Züleyha elbette Yılmaz öldükten sonra birine aşık olabilir. Ondan başka kimseyi sevmeden ömrünü geçirmesini de yadırgamam, yeniden kalbinin biri için çarpmasını da. Ama kalbini çarptıracak kişi Demir olmamalı bana göre. Demir şimdilerde melek olsa da Züleyha’yı kağıt üzerinde evli olmalarına rağmen el üzerinde tutsa da geçmişte onu çok yaralayacak şeyler yaptı. Bir kere de değil üstelik. Sadece ona da değil, Yılmaz’a da çocuklarına da birçok kötülük yaptı. Fikret’in Fekeli’ye söylediklerini duyunca resmen iç sesim konuşuyor sandım.

 

“Demir, Yılmaz’la Züleyha’ya yaşattığı onca acıdan bu şekilde mi sıyrılacak?”

 

Eskiler “Nikahta keramet vardır, evlenince seversin.” derlermiş ya, bu tam Sevda’nın düşünce yapısını özetliyor. Kimse çocuklarının babası, nikahlı eşi diye birini sevmek zorunda değil. Evli kalmak zorunda da değil.

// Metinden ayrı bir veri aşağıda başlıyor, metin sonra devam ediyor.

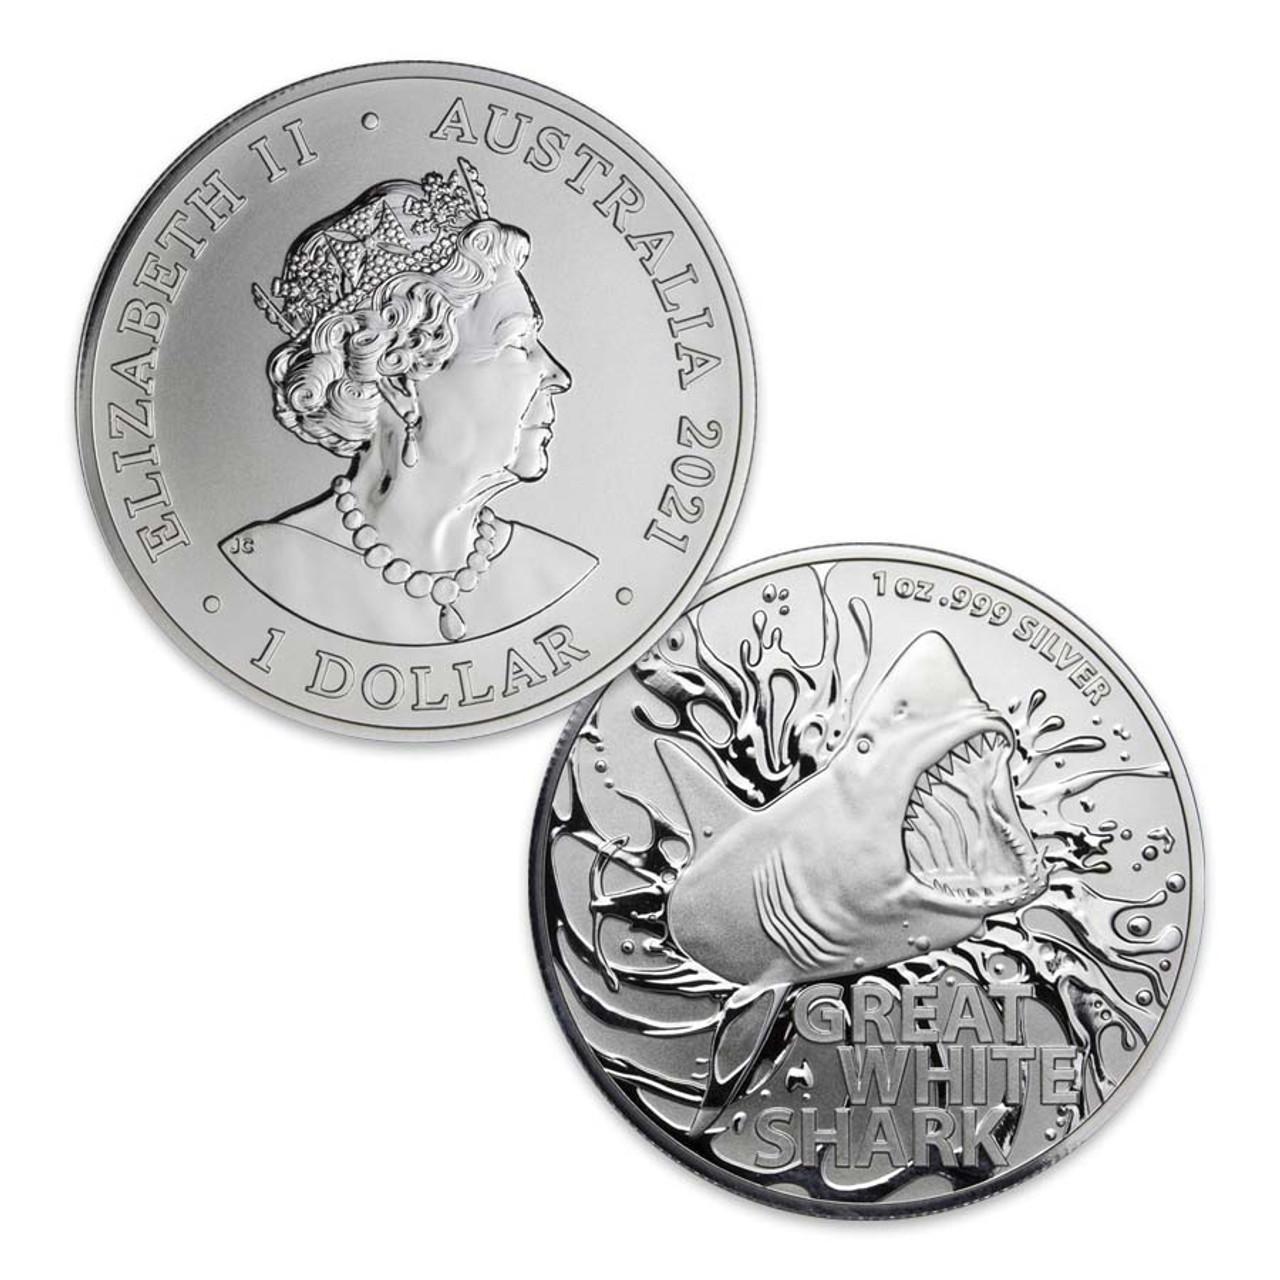 Australia 2021 Great White Shark 1-Oz. Silver Dollar Brilliant Uncirculated

Mutsuz insanlar pekala ayrılabilir, boşanabilir. Sevda, Züleyha’yı Demir’i sevmesi için sıkboğaz edip duruyor her bölüm. Ağzını bantlamak istiyorum o anlarda. Kendisi neden metresi olduğu Adnan Yaman’a sadık kaldı o zaman? O neden bir başkasına aşık olmadı? Üstelik ondan bir çocuğu, bir bağı da yoktu. Züleyha, Demir gece eve gelmediğinde onu camlarda bekliyorsa bence bu Sevda’nın manipülasyonları yüzünden. Yoksa iki üç bölüm önce Züleyha’nın umurunda değildi Demir’in akşam eve gelip gelmemesi. Halbuki benim görmek istediğim ve de olması gereken Züleyha’nın Sevda’ya söylediği gibi Yılmaz’ın hatırasına saygısızlık etmemesi, onu sevmekten vazgeçmemesi, onunla olan anılarını düşünmesi, yas tutması, üzülüp ağlaması. Çevremden görüp bildiğim, doğal olan bu çünkü.

 

Aşk yeniden…

 

Ümit: “Gitmesen…”

Demir: ……

Ümit: “Demir seni ilk gördüğüm andan beri bu anı hayal ediyorum. Ne olur gitme, biraz daha kal.”

Demir: “Ümit…”

 

Ben Ümit’in sadece Fikret’in planı için değil, kendisi de Demir’i beğendiği için ona yanaştığını düşünüyorum. Koskoca doçent olmuş kadın evli bir adama böyle yollu kadınlar gibi kanca atmaz yani, atmamalı. Demir ile öpüştükten sonra onları ilk yatakta çırılçıplak birbirlerine sarılmış gördüğümüzde aşık bir kadın gibiydi. Gerçi sabah Demir uyurken ona bakışlarında sinsilik vardı ama daha sonrasında hastaneye geldiğinde taze aşıkların neşesi vardı üstünde. Aynı şekilde Demir de etrafına gülücükler saçıyordu. İlişkileri tek gecelik bir ilişki olmayacak belli. Demir’in kalbinde ve aklında gelgitler var. Kalbinin bir köşesinde hala Züleyha var ama aklı artık ondan vazgeçmesini söylediği için de Ümit’in çekimine kapıldı. Sosyal medyada yoğun bir şekilde Demir’e “Züleyha’ya olan aşkından ne çabuk vazgeçtin.” diye kızanlar var. Açıkçası Ümit’i görüp etkilendiği ilk gün ben de aynı şeyi söylemiştim. Ama az evvel de dediğim gibi bu tam bir vazgeçiş değil, vazgeçmeyi deneyiş daha çok. Bir kesim de Züleyha bunu hak ettiğini düşünüyor. Tamam, Züleyha, Demir’i aldatmış oldu bir nevi ama Demir, Züleyha’nın Yılmaz’ın karısı olduğunu bile bile evlenmedi mi onunla? Bile bile Yılmaz’ı çocuğundan ayırmadı mı? Züleyha’nın Yılmaz’ı sevmeye devam ettiğini bildiği halde boşanmamakta ısrar etmedi mi? Züleyha ile Yılmaz’ın boşanmadan buluşup görüşmeleri temelde yanlıştı, Demir ile Ümit’in arasında olanlar da yanlış. Ancak Züleyha ile Yılmaz’ın başka çareleri yoktu diye onları mazur görebiliyorum. Demir, eğer söylediği gibi Ümit ile görüşmeyi sürdürecekse bu kağıt üzerinde bile olsa evliyken olmamalı.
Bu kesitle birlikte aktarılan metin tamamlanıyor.